Comparison of the OIT and Δ47 thermometry results
The ∆47 temperatures—denoted T(Δ_47_) in the followings—were obtained using the calibration equation of Anderson et al.^17^. The Sümeg samples yielded slightly lower T(Δ_47_) values (26.2 ± 9.4 °C) compared to the Tatabánya and Piliscsaba samples (35.5 ± 7.3 °C and 29.2 ± 4.3 °C, respectively). The OIT temperatures—denoted T(OIT) in the followings—were calculated using measured δ^18^O values of calcite and inclusion-hosted water. Calculations returned much lower, compared to the T(Δ_47_) values, with averages of 21.9 ± 3.8 °C, 9.2 ± 7.4 °C, and 15.6 ± 9.1 °C for the Sümeg, Tatabánya, and Piliscsaba occurrences, respectively. The T(Δ_47_) and OIT results are compared in Fig. 3.Fig. 3. Comparison of temperatures obtained for red calcites by clumped isotope (Δ_47_) and oxygen isotope thermometry (OIT) methods.
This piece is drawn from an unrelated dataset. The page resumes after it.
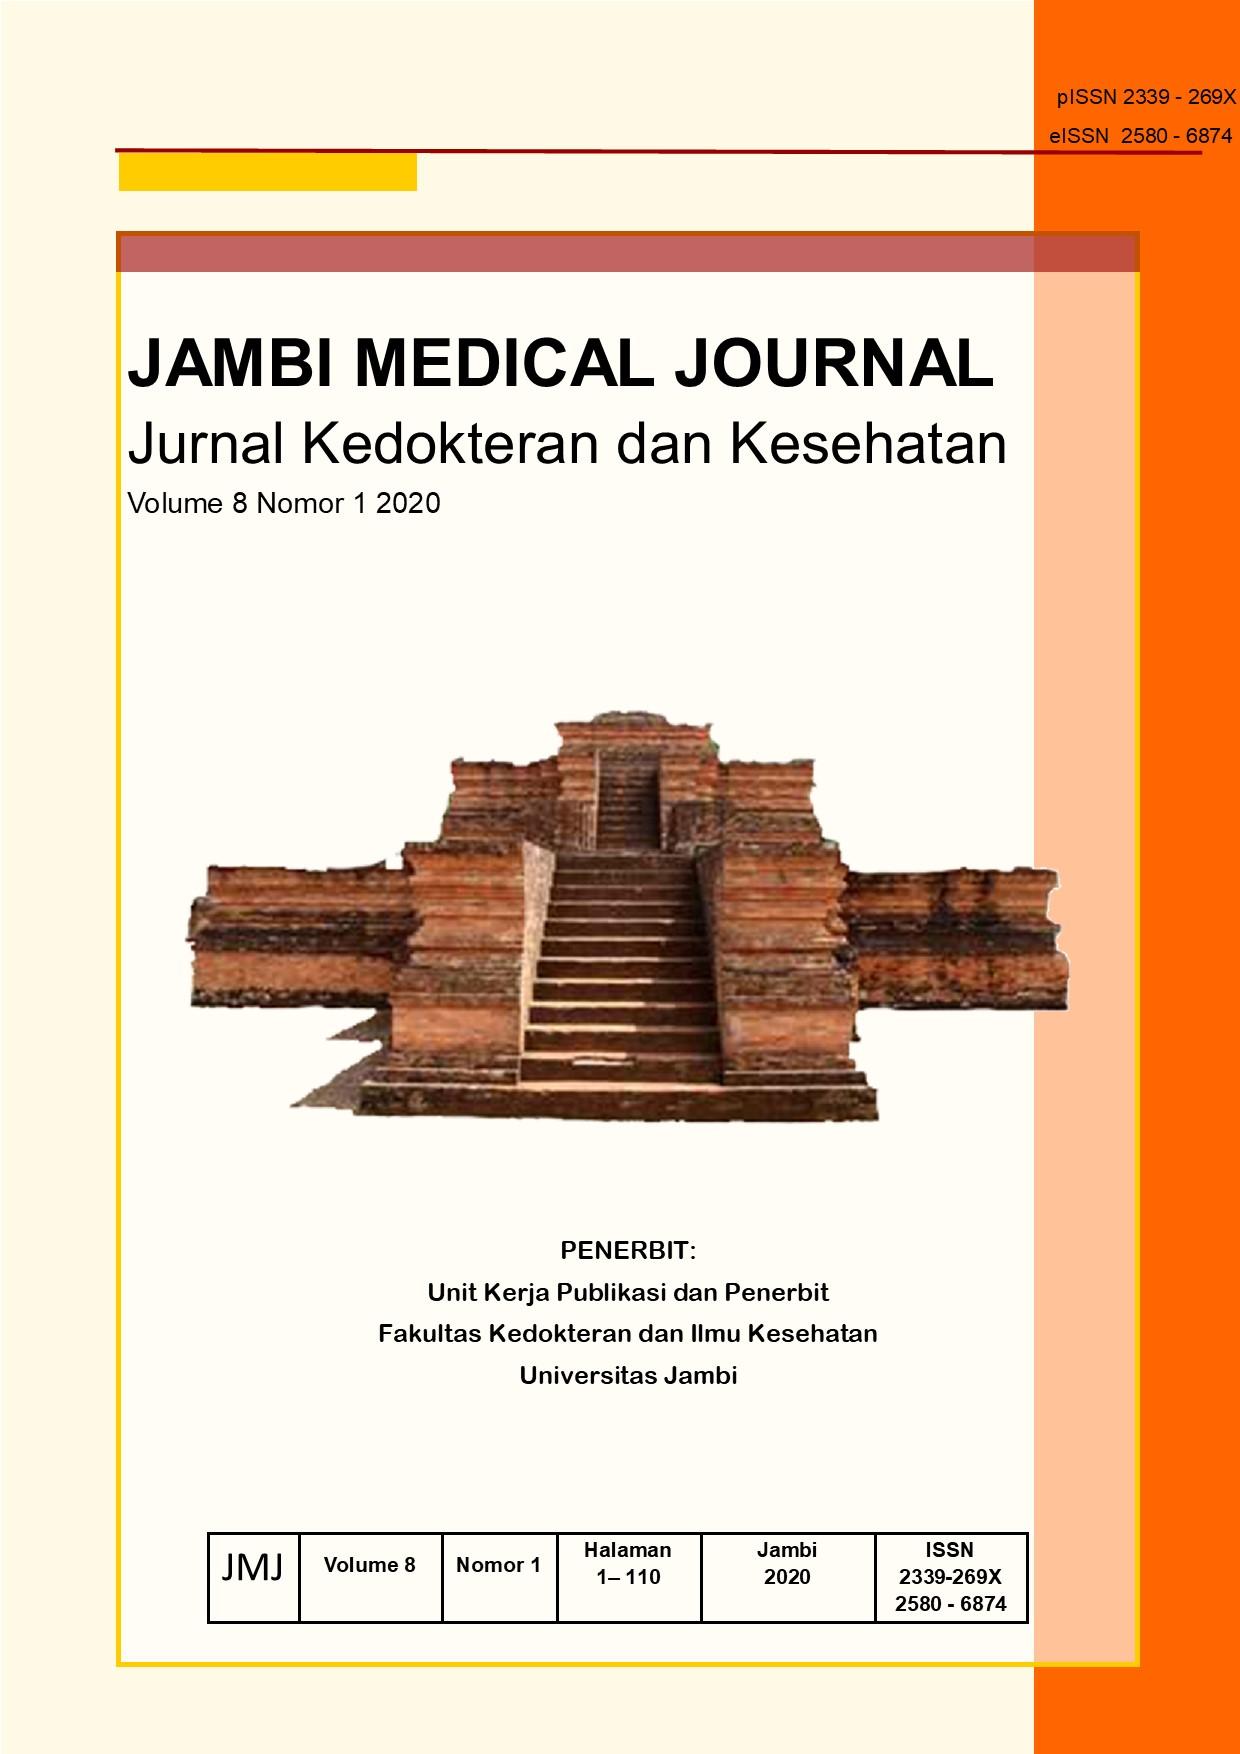 View Vol. 8 No. 1 (2020): JAMBI MEDICAL JOURNAL Jurnal Kedokteran Dan Kesehatan
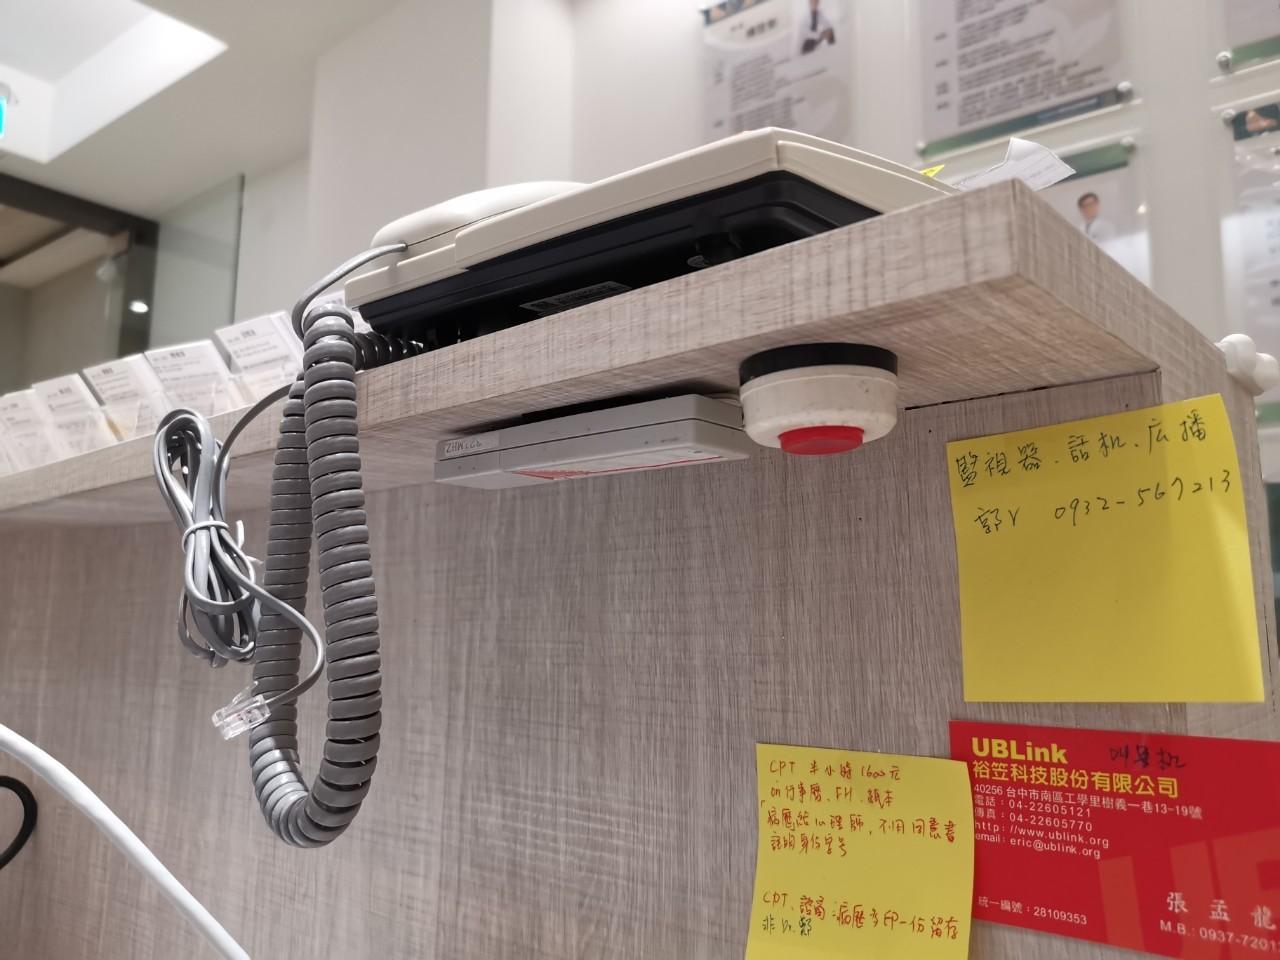 LINE ALBUM 110 0902中科好晴天診所警局連線開通 210902 2

Uncertainties are worst-case scatters using analytical errors for T(OIT) values and 95% confidence interval values for T(Δ_47_) data. Empty circles: samples with the highest amounts of cathodoluminescent calcite and secondary inclusions.
Discussion
As Table 1 and Fig. 3 show, both the T(Δ_47_) and the T(OIT) values suggest formation temperatures below 50 °C, aligning with the petrographic observations on the fluid inclusions. These data support the interpretations of Győri et al.^21^, and therefore, a magmatic hydrothermal origin for the red calcites^22^ should be rejected. The notable difference between the T(Δ_47_) and the T(OIT) values warrant further investigation. The data distribution in Fig. 3 may be explained (1) by increasing the T(Δ_47_) values due to post-formational heating, or (2) by different degrees of alteration and related decreases of the T(Δ_47_) and the T(OIT) values, or (3) by decreasing the T(OIT) values by post-formational oxygen isotope exchange between the inclusion-hosted water and the host calcite. The shift of the T(Δ_47_) values to higher temperatures would require post-formational heating, which would also result in changes in the OIT temperatures due to calcite-water oxygen isotope exchange. No petrographic evidence of such heating was detected in the samples analyzed in this study.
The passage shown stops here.